▶ _WORK TO BE COMPLETED_
Search the records below for the string "Purple" and copy each line where it turns up.

BEGIN RECORD SET

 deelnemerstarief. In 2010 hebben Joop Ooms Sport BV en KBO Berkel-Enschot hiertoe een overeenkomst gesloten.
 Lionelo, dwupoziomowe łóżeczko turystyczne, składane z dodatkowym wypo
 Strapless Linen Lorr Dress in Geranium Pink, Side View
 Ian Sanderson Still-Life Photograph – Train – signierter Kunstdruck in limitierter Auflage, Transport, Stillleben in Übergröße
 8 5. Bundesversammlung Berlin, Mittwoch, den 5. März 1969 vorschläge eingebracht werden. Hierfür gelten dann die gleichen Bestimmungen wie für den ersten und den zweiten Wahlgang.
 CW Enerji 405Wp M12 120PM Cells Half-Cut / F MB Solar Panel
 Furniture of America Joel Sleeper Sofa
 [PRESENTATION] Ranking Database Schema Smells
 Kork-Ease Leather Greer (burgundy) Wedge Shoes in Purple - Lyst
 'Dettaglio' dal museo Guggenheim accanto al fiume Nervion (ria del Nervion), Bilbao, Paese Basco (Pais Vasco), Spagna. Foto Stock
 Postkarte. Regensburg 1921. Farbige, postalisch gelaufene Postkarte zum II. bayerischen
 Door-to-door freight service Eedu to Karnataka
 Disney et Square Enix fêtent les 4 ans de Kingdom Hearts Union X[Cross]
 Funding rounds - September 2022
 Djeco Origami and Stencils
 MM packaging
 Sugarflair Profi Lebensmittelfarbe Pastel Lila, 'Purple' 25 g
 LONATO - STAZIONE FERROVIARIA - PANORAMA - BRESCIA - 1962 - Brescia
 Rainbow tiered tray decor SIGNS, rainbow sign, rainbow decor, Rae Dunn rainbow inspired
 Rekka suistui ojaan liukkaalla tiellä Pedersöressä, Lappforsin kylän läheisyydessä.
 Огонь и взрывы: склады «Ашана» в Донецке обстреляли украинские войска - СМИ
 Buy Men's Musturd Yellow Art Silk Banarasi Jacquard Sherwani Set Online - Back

END RECORD SET

▶ _ANSWER SECTION_
 Kork-Ease Leather Greer (burgundy) Wedge Shoes in Purple - Lyst
 Sugarflair Profi Lebensmittelfarbe Pastel Lila, 'Purple' 25 g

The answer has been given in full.